**Problem description:** A word-for-word restatement of every entry is what is needed here.
Start of Supplied entries
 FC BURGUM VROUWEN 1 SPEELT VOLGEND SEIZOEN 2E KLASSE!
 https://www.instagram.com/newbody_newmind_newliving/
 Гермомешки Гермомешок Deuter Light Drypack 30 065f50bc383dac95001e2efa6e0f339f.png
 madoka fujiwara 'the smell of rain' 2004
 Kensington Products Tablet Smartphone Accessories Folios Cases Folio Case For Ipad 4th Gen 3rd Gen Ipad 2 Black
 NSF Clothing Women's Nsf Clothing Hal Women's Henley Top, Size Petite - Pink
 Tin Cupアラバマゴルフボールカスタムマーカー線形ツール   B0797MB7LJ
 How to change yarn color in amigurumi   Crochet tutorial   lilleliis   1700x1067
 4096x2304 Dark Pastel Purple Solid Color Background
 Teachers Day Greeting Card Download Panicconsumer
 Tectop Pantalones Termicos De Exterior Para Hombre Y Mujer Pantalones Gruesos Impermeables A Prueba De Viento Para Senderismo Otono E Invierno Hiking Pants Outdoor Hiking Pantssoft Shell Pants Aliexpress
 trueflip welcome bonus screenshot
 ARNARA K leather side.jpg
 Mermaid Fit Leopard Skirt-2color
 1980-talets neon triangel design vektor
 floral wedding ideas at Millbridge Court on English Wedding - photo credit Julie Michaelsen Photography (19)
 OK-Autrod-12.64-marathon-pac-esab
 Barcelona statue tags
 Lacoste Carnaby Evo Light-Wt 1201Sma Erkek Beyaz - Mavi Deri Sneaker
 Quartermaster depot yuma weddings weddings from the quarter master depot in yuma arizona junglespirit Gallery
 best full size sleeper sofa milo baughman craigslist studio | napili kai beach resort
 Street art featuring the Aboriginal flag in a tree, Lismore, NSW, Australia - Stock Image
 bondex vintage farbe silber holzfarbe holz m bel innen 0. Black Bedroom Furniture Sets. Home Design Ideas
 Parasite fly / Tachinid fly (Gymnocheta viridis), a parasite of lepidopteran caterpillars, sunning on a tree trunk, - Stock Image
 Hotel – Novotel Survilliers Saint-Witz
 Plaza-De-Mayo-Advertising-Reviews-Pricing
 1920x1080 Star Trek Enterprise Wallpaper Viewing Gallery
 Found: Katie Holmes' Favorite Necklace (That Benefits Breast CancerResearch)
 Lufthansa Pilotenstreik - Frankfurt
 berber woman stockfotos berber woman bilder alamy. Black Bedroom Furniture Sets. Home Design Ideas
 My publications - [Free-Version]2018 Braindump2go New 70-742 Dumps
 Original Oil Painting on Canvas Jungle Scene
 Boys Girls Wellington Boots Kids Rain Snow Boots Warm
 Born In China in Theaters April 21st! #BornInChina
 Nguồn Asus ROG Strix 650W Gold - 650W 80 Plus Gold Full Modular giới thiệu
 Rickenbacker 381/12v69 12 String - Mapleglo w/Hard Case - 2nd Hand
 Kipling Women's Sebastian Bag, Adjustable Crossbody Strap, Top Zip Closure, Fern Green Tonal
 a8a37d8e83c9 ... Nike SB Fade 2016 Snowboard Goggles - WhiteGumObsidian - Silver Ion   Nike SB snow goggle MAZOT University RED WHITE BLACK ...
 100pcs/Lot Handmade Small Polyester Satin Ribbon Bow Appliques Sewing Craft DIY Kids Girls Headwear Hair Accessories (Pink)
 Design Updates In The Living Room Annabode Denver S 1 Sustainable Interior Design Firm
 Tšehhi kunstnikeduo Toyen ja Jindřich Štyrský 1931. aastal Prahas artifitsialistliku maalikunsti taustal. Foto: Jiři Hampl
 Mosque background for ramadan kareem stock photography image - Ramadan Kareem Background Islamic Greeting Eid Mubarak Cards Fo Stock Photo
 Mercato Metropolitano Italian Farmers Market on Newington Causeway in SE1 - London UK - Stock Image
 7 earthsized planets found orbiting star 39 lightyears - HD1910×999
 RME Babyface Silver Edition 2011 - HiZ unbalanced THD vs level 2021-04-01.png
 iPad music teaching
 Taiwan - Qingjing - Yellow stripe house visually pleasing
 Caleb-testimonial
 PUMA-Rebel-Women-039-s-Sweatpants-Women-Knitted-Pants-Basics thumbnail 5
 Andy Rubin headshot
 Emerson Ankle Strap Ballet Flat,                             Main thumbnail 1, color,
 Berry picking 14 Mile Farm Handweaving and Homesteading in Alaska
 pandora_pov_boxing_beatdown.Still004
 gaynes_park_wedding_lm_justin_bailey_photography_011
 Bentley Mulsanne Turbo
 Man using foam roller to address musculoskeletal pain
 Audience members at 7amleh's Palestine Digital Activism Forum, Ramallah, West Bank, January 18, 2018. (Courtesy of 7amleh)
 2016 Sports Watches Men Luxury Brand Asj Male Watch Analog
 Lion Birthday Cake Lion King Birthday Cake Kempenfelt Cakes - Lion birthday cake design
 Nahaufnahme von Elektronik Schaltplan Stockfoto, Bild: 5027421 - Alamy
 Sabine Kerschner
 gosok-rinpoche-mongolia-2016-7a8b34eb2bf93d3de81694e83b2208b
End of Supplied entries
**Written solution:**
 FC BURGUM VROUWEN 1 SPEELT VOLGEND SEIZOEN 2E KLASSE!
 https://www.instagram.com/newbody_newmind_newliving/
 Гермомешки Гермомешок Deuter Light Drypack 30 065f50bc383dac95001e2efa6e0f339f.png
 madoka fujiwara 'the smell of rain' 2004
 Kensington Products Tablet Smartphone Accessories Folios Cases Folio Case For Ipad 4th Gen 3rd Gen Ipad 2 Black
 NSF Clothing Women's Nsf Clothing Hal Women's Henley Top, Size Petite - Pink
 Tin Cupアラバマゴルフボールカスタムマーカー線形ツール   B0797MB7LJ
 How to change yarn color in amigurumi   Crochet tutorial   lilleliis   1700x1067
 4096x2304 Dark Pastel Purple Solid Color Background
 Teachers Day Greeting Card Download Panicconsumer
 Tectop Pantalones Termicos De Exterior Para Hombre Y Mujer Pantalones Gruesos Impermeables A Prueba De Viento Para Senderismo Otono E Invierno Hiking Pants Outdoor Hiking Pantssoft Shell Pants Aliexpress
 trueflip welcome bonus screenshot
 ARNARA K leather side.jpg
 Mermaid Fit Leopard Skirt-2color
 1980-talets neon triangel design vektor
 floral wedding ideas at Millbridge Court on English Wedding - photo credit Julie Michaelsen Photography (19)
 OK-Autrod-12.64-marathon-pac-esab
 Barcelona statue tags
 Lacoste Carnaby Evo Light-Wt 1201Sma Erkek Beyaz - Mavi Deri Sneaker
 Quartermaster depot yuma weddings weddings from the quarter master depot in yuma arizona junglespirit Gallery
 best full size sleeper sofa milo baughman craigslist studio | napili kai beach resort
 Street art featuring the Aboriginal flag in a tree, Lismore, NSW, Australia - Stock Image
 bondex vintage farbe silber holzfarbe holz m bel innen 0. Black Bedroom Furniture Sets. Home Design Ideas
 Parasite fly / Tachinid fly (Gymnocheta viridis), a parasite of lepidopteran caterpillars, sunning on a tree trunk, - Stock Image
 Hotel – Novotel Survilliers Saint-Witz
 Plaza-De-Mayo-Advertising-Reviews-Pricing
 1920x1080 Star Trek Enterprise Wallpaper Viewing Gallery
 Found: Katie Holmes' Favorite Necklace (That Benefits Breast CancerResearch)
 Lufthansa Pilotenstreik - Frankfurt
 berber woman stockfotos berber woman bilder alamy. Black Bedroom Furniture Sets. Home Design Ideas
 My publications - [Free-Version]2018 Braindump2go New 70-742 Dumps
 Original Oil Painting on Canvas Jungle Scene
 Boys Girls Wellington Boots Kids Rain Snow Boots Warm
 Born In China in Theaters April 21st! #BornInChina
 Nguồn Asus ROG Strix 650W Gold - 650W 80 Plus Gold Full Modular giới thiệu
 Rickenbacker 381/12v69 12 String - Mapleglo w/Hard Case - 2nd Hand
 Kipling Women's Sebastian Bag, Adjustable Crossbody Strap, Top Zip Closure, Fern Green Tonal
 a8a37d8e83c9 ... Nike SB Fade 2016 Snowboard Goggles - WhiteGumObsidian - Silver Ion   Nike SB snow goggle MAZOT University RED WHITE BLACK ...
 100pcs/Lot Handmade Small Polyester Satin Ribbon Bow Appliques Sewing Craft DIY Kids Girls Headwear Hair Accessories (Pink)
 Design Updates In The Living Room Annabode Denver S 1 Sustainable Interior Design Firm
 Tšehhi kunstnikeduo Toyen ja Jindřich Štyrský 1931. aastal Prahas artifitsialistliku maalikunsti taustal. Foto: Jiři Hampl
 Mosque background for ramadan kareem stock photography image - Ramadan Kareem Background Islamic Greeting Eid Mubarak Cards Fo Stock Photo
 Mercato Metropolitano Italian Farmers Market on Newington Causeway in SE1 - London UK - Stock Image
 7 earthsized planets found orbiting star 39 lightyears - HD1910×999
 RME Babyface Silver Edition 2011 - HiZ unbalanced THD vs level 2021-04-01.png
 iPad music teaching
 Taiwan - Qingjing - Yellow stripe house visually pleasing
 Caleb-testimonial
 PUMA-Rebel-Women-039-s-Sweatpants-Women-Knitted-Pants-Basics thumbnail 5
 Andy Rubin headshot
 Emerson Ankle Strap Ballet Flat,                             Main thumbnail 1, color,
 Berry picking 14 Mile Farm Handweaving and Homesteading in Alaska
 pandora_pov_boxing_beatdown.Still004
 gaynes_park_wedding_lm_justin_bailey_photography_011
 Bentley Mulsanne Turbo
 Man using foam roller to address musculoskeletal pain
 Audience members at 7amleh's Palestine Digital Activism Forum, Ramallah, West Bank, January 18, 2018. (Courtesy of 7amleh)
 2016 Sports Watches Men Luxury Brand Asj Male Watch Analog
 Lion Birthday Cake Lion King Birthday Cake Kempenfelt Cakes - Lion birthday cake design
 Nahaufnahme von Elektronik Schaltplan Stockfoto, Bild: 5027421 - Alamy
 Sabine Kerschner
 gosok-rinpoche-mongolia-2016-7a8b34eb2bf93d3de81694e83b2208b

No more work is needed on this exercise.